**Aim of the task:**
Your task is to repeat the lines below exactly, excluding any pictures they contain.

**Items from a data source:**
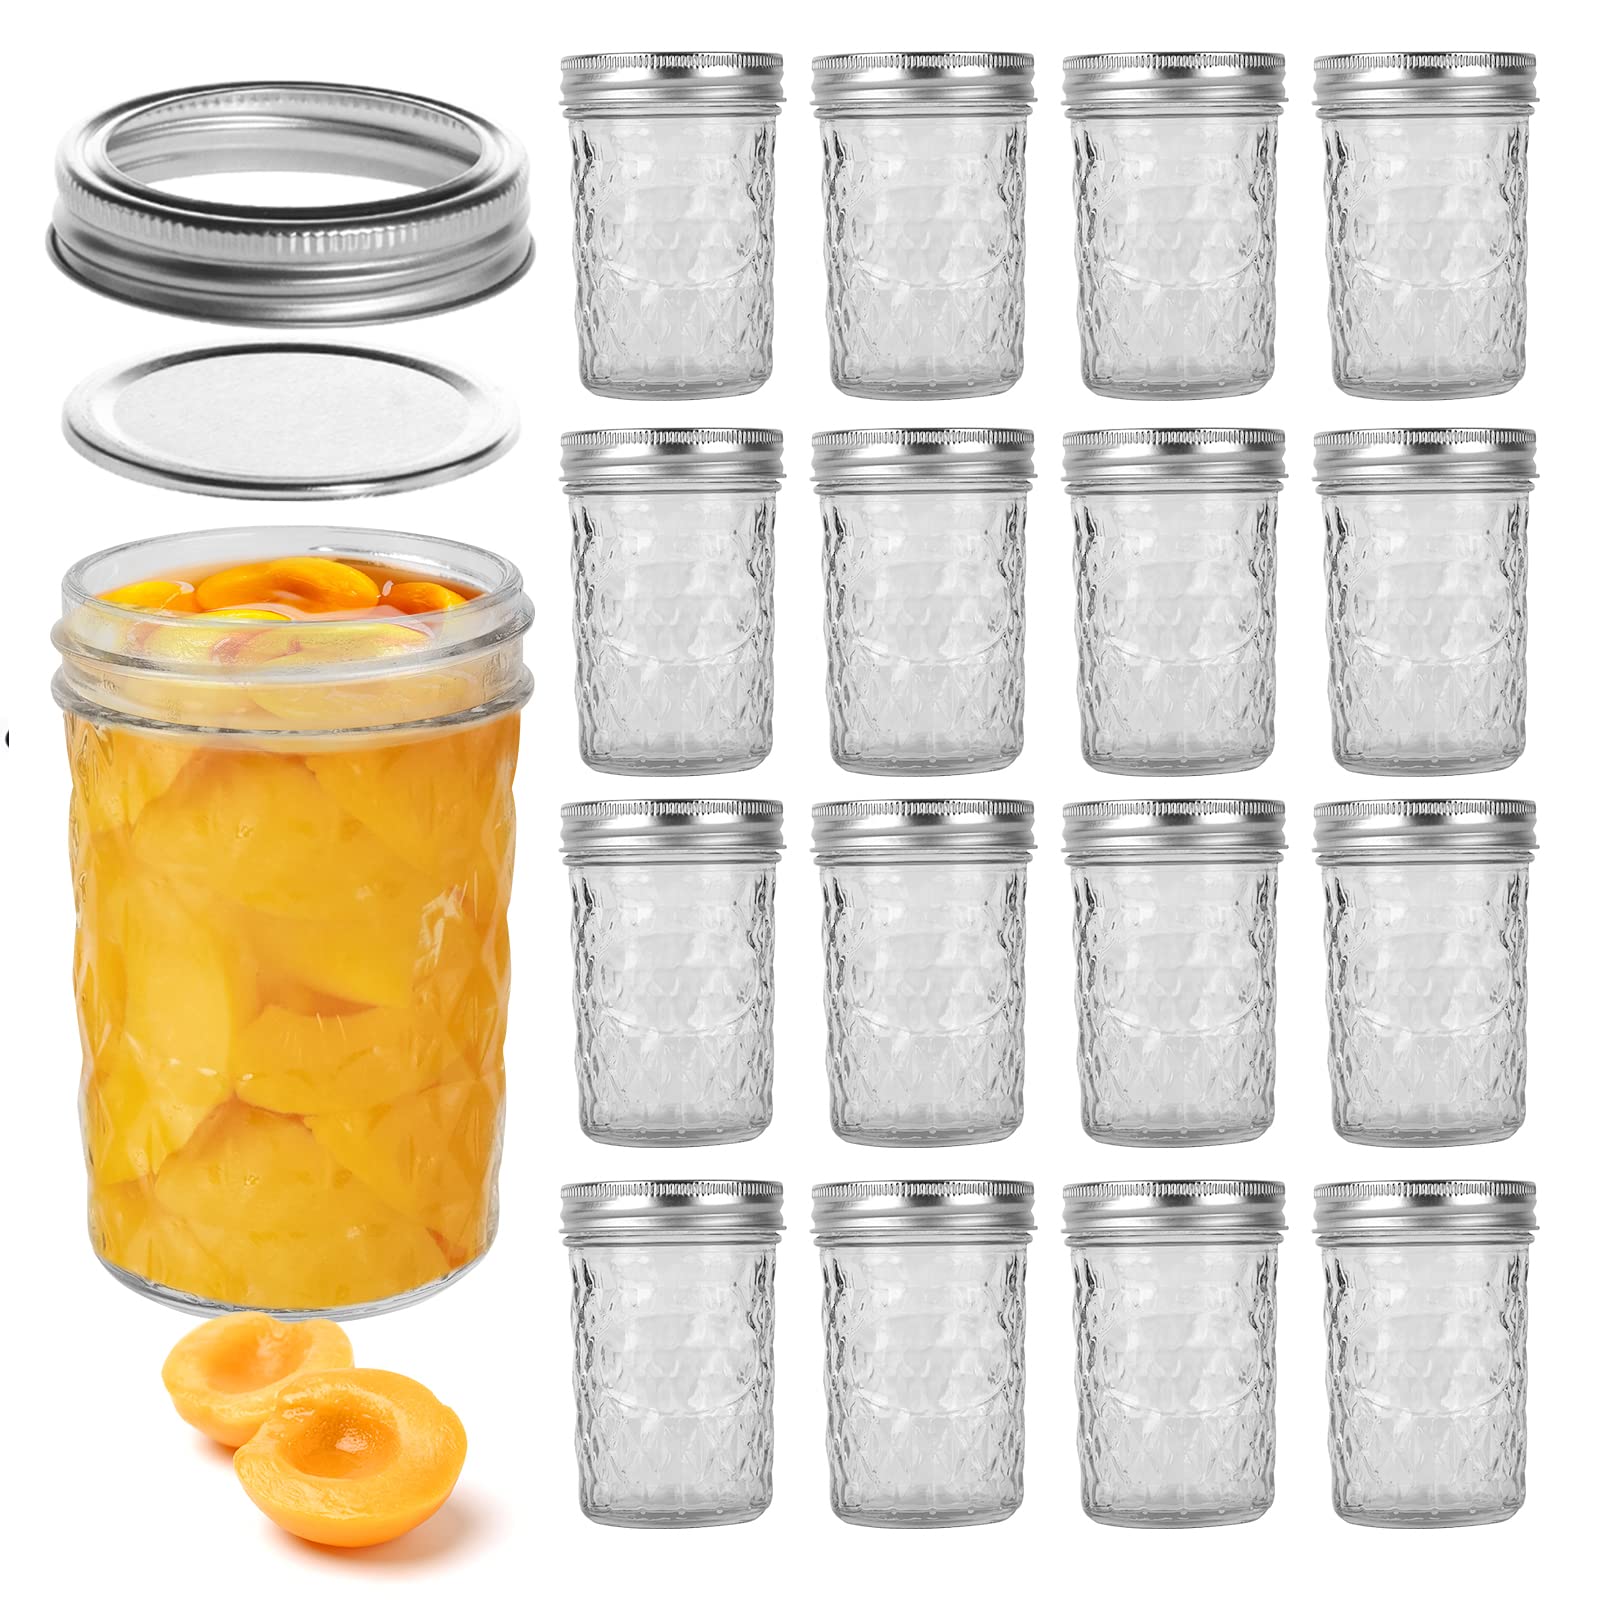 LEQEE Mason Jars 8 oz 16 PACK Mini Canning Jars with Silver Lids and Bands Regular Mouth Jelly Jar for Jam, Honey, Wedding Favors, Shower Favors, B...
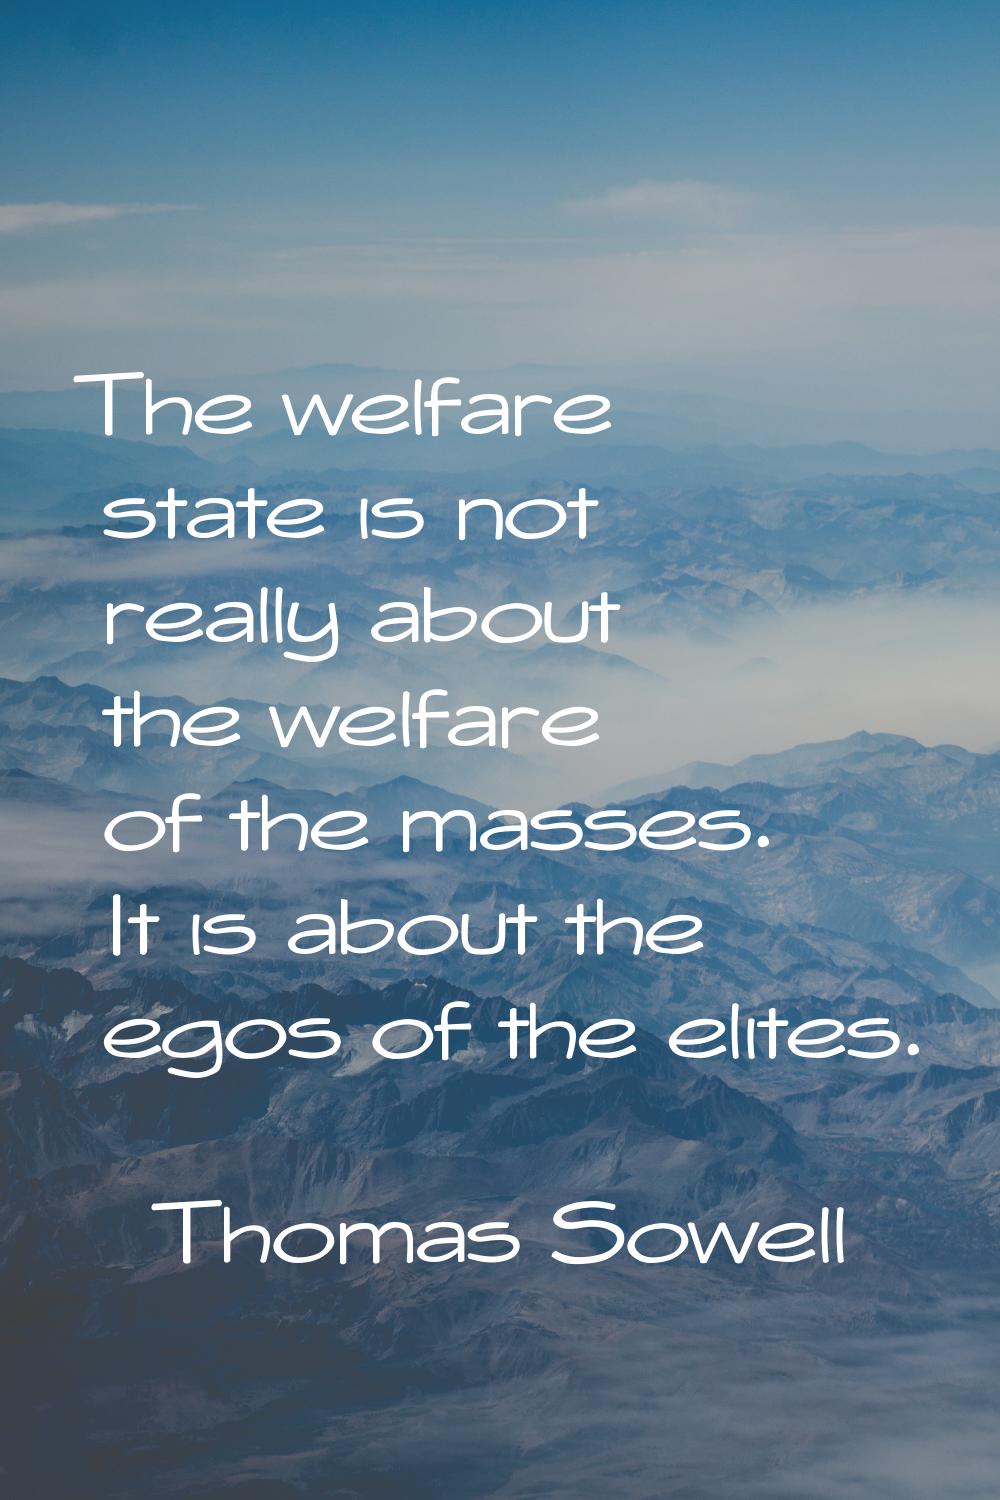 The welfare state is not really about the welfare of the masses. It is about the egos of the elites
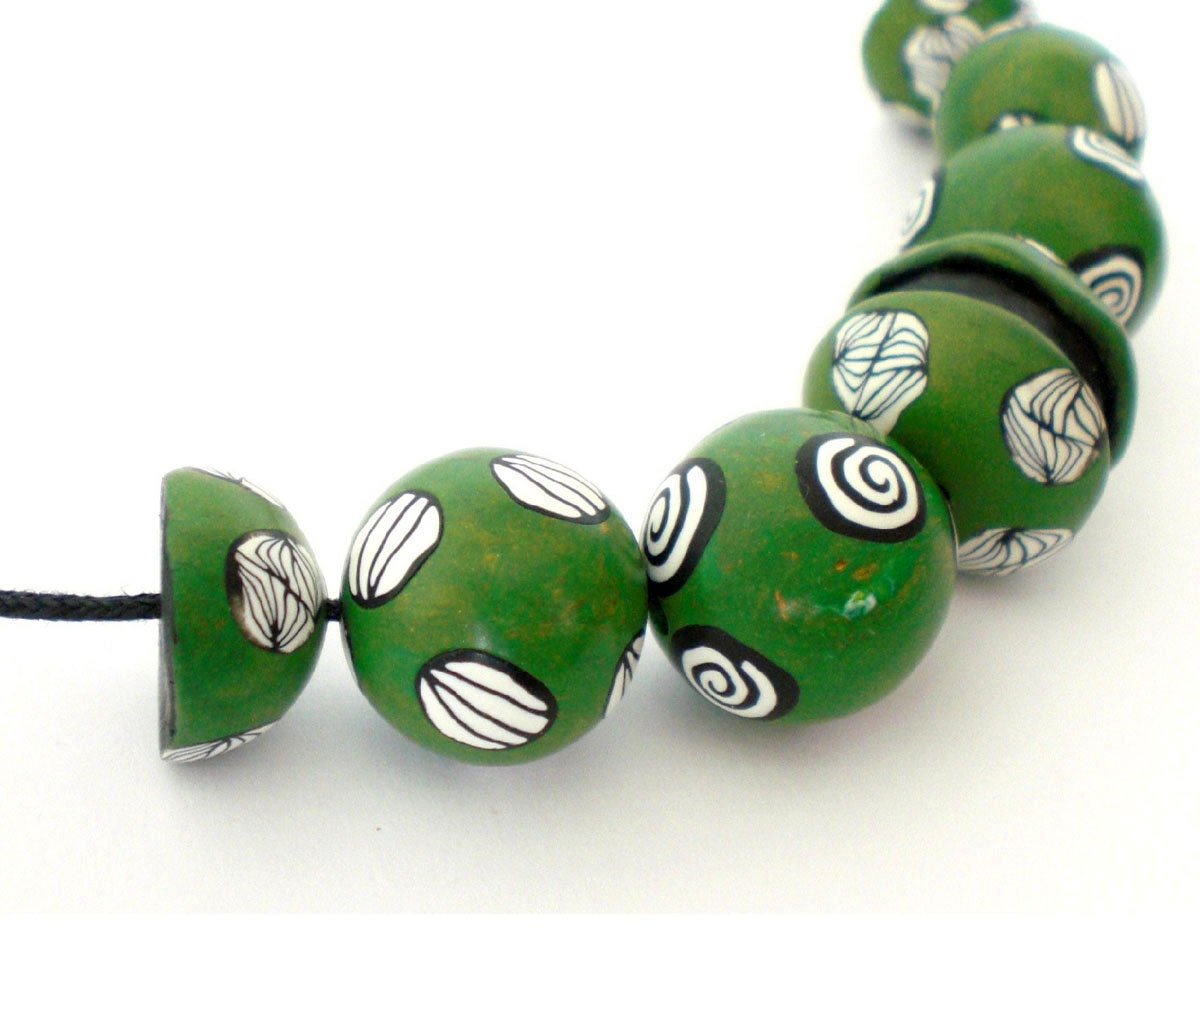 Necklace polymer clay Green, green game necklace, polymer clay necklace, green beads necklace
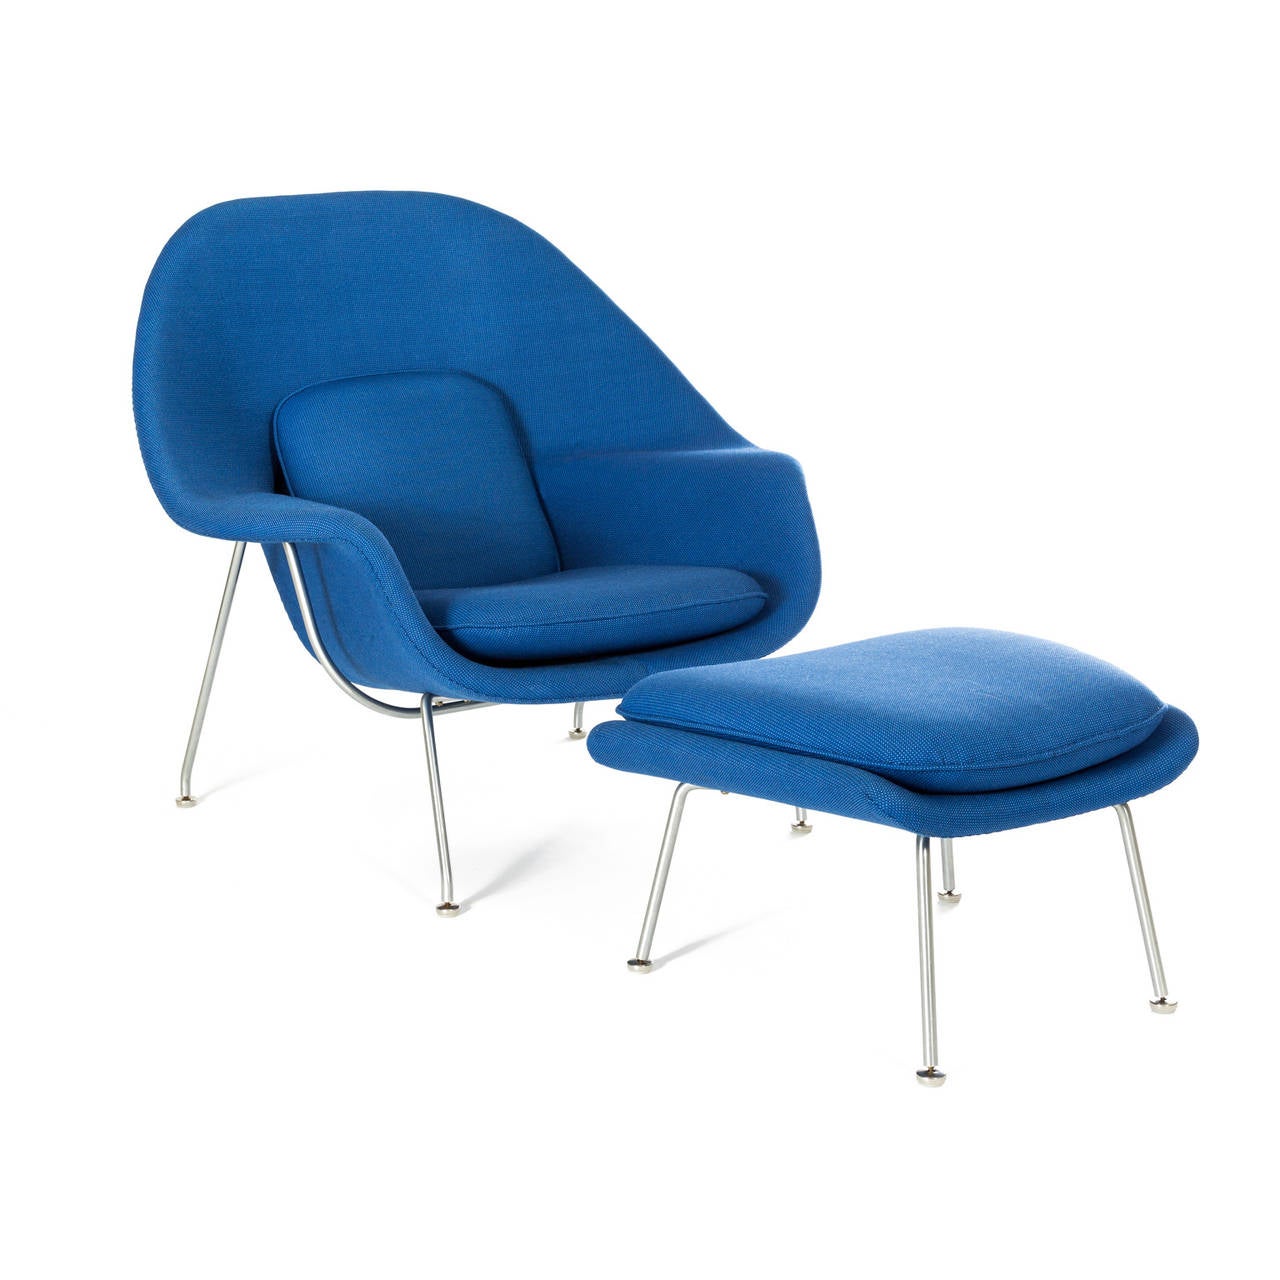 Eero Saarinen.

Womb chair and ottoman upholstered in Alexander Girard fabric.

Knoll.
USA, 1946.
Upholstery and plated steel.
39 w x 34 d x 36 h inches.
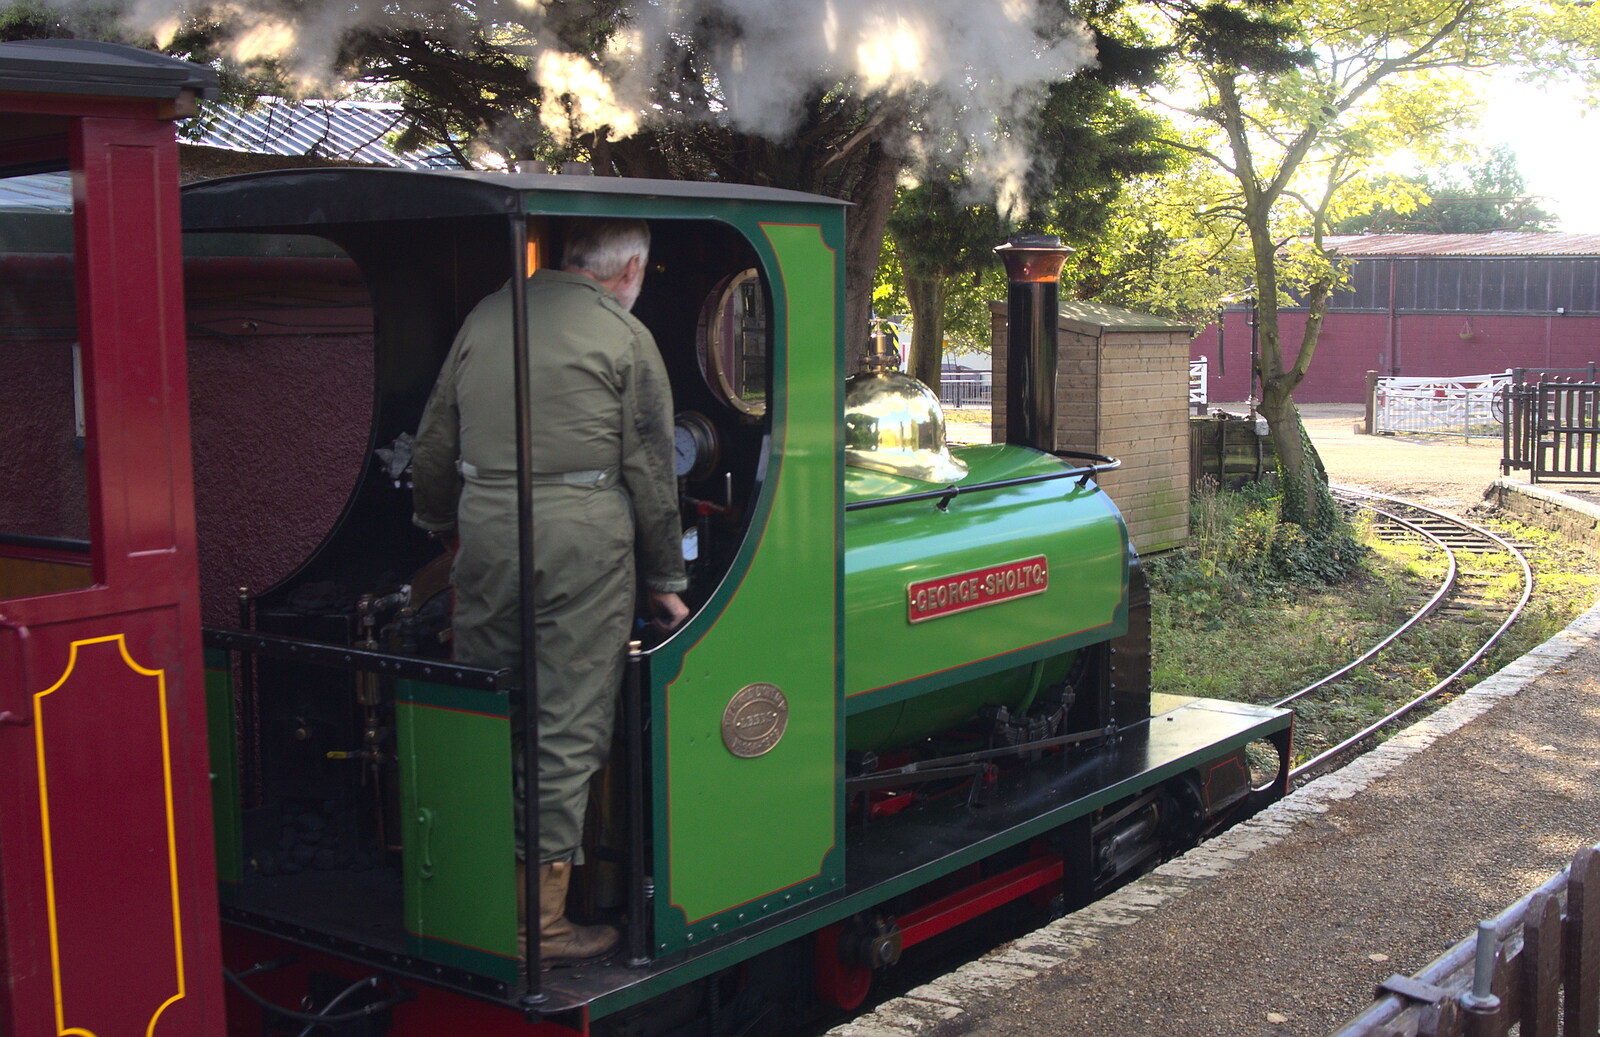 The George Sholto heads off from Alan Bloom's Gardens, Bressingham, Norfolk - 6th October 2012

**Answer section:**
 LEQEE Mason Jars 8 oz 16 PACK Mini Canning Jars with Silver Lids and Bands Regular Mouth Jelly Jar for Jam, Honey, Wedding Favors, Shower Favors, B...
 The welfare state is not really about the welfare of the masses. It is about the egos of the elites
 Necklace polymer clay Green, green game necklace, polymer clay necklace, green beads necklace
 Eero Saarinen.

Womb chair and ottoman upholstered in Alexander Girard fabric.

Knoll.
USA, 1946.
Upholstery and plated steel.
39 w x 34 d x 36 h inches.
 The George Sholto heads off from Alan Bloom's Gardens, Bressingham, Norfolk - 6th October 2012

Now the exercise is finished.